Now that you’ve built your very own chicken coop, you should also understand how to take the best care of it. Since you’ve worked so hard to construct your chicken, it would be a shame to see it disintegrate because of lack of maintenance. Fortunately, just like maintaining a car, repairing and caring for a chicken coop isn’t that difficult if you stay on top of things on a regular basis. Here are some tips for keeping your chicken house in top condition through the years.

Pay Attention To The Door  

Since the coop is one item that will be constantly moving, it is extremely important that you watch it regularly. If anything is wrong with it, such as a loose latch, be sure fix it immediately. Not being careful about the door is one way to guarantee that your chickens will “fly the coop”. If you continually have issues with your coop door, you may consider replacing it altogether, or at least installing a more secure latch. If you do install a latch, make sure it is bolted to the door properly and securely. Everyone has their own preference on how they like to open the door, so do what works best for you.
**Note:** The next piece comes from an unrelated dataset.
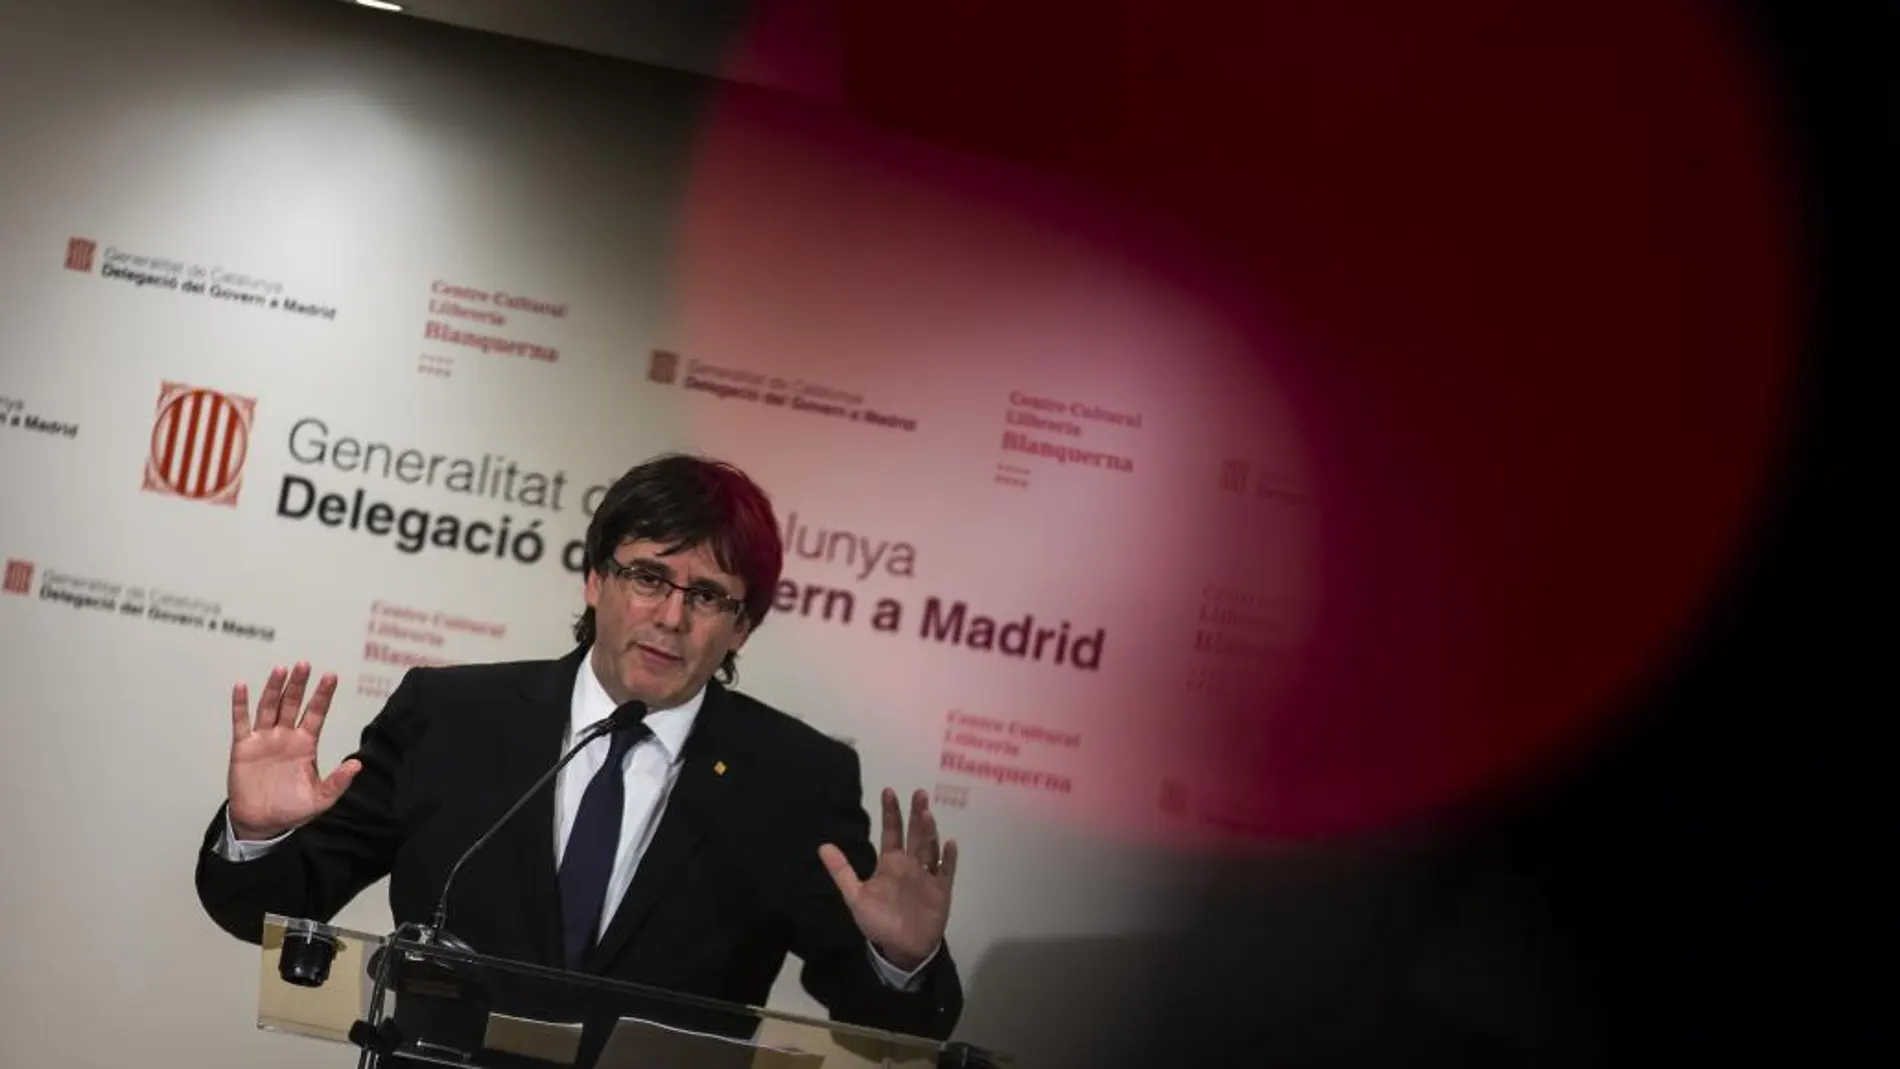 Rueda de prensa de Carles Puigdemont en la Librería Blanquerna de Madrid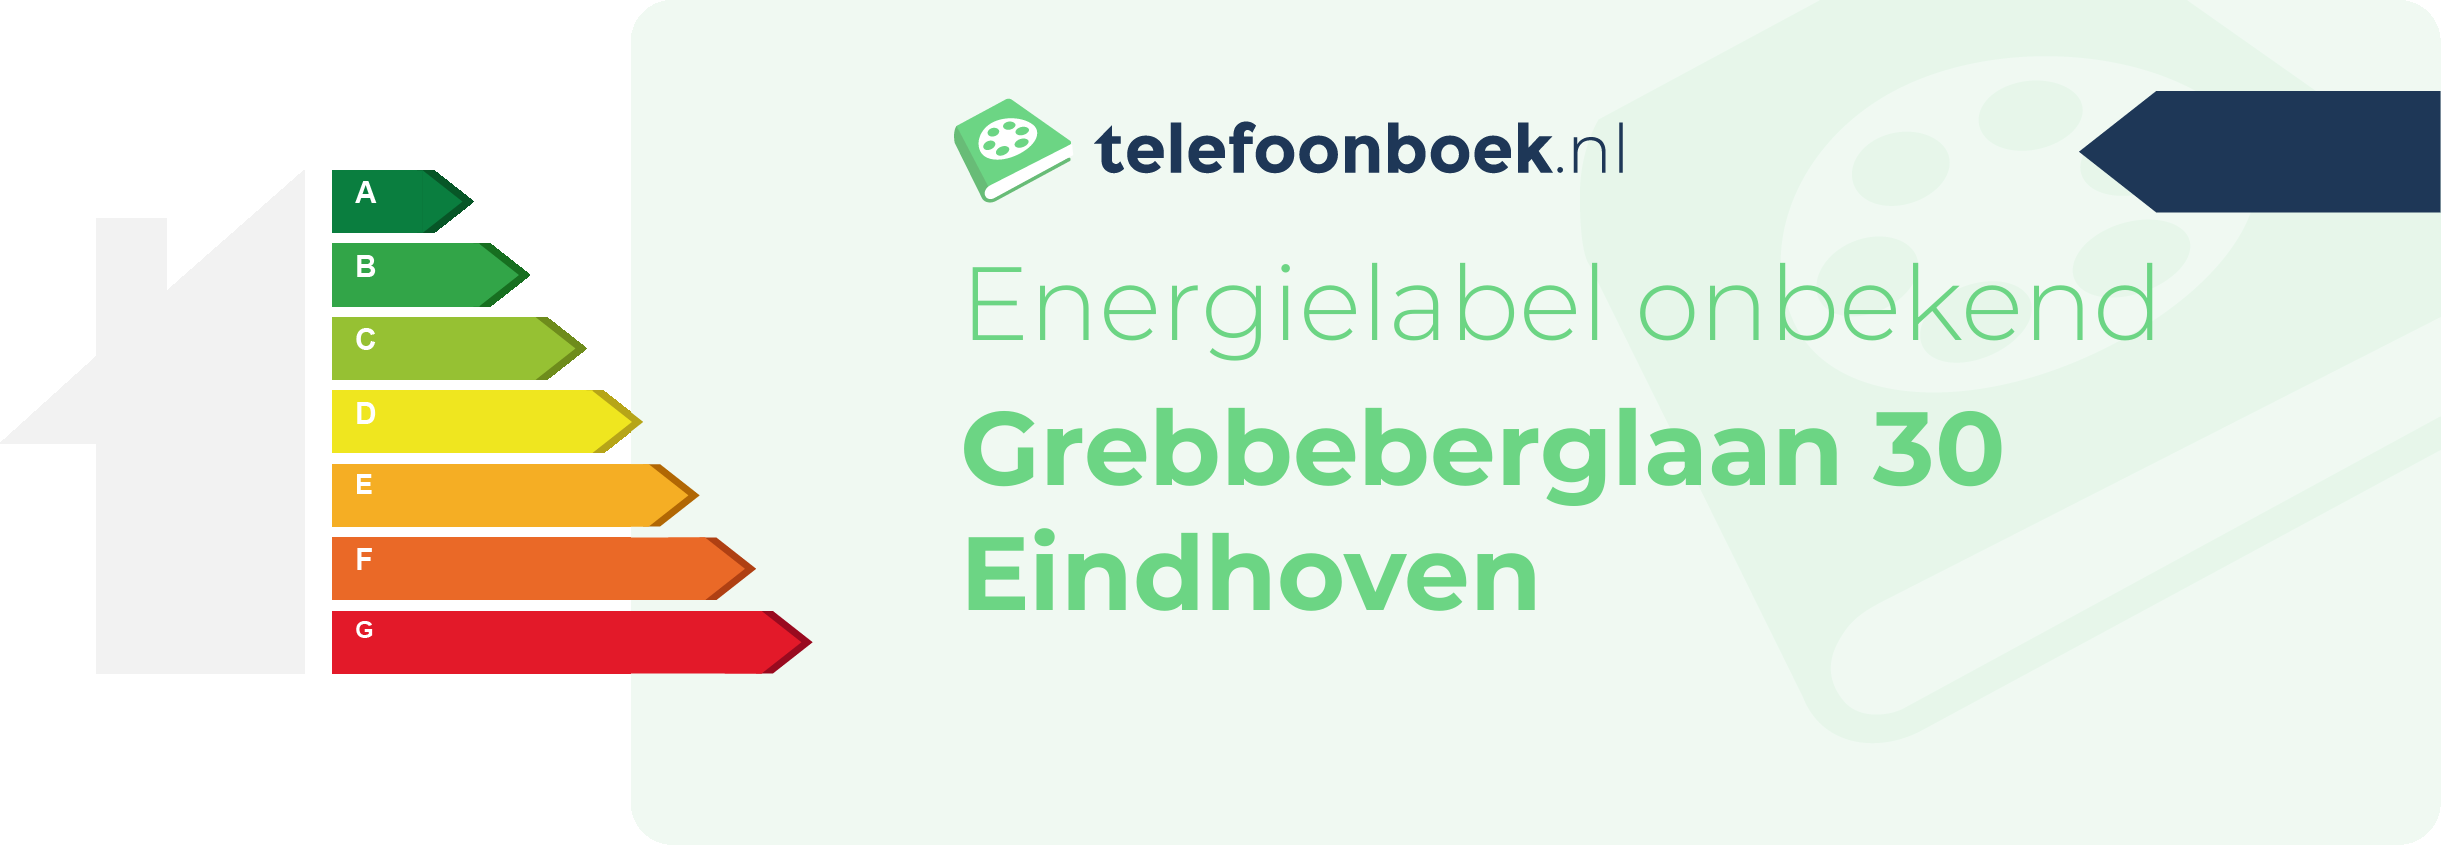 Energielabel Grebbeberglaan 30 Eindhoven

 Regularly Check Your Fence  

Another part of the chicken coop that needs adequate maintenance is the fence structure. The fence should be checked regularly, at least once a month. Not maintaining the fence properly could lead to predators coming in and harming your chickens and/or eggs. Predators can also impact the sturdiness of your fence. This may require installing or rebuilding your fence.   After some time, some fences may fall down in some places. Walk around your fence and test different areas to see how well your fence is holding up.

Check The Feeders  

The feeders in your chicken coop also deserve your attention. Feeders are used on a daily basis, and their upkeep is vital to the health of your coop. If your feeders appear too beat up, it could be a sign that you need to install another one. A beat up feeder could also be a sign that your chickens may be constantly fighting over food and picking at the feeder.   You also should notice now your chickens are responding to the feed height. Some chickens prefer a feeder slightly lower, and some chickens prefer a feeder slightly higher. Watch your chickens, and make adjustments as necessary. This is important to the overall comfort and well-being of your chickens. Adjustments are usually only a matter of one to two inches, but can make a huge difference in how easily they access their food from the feeder.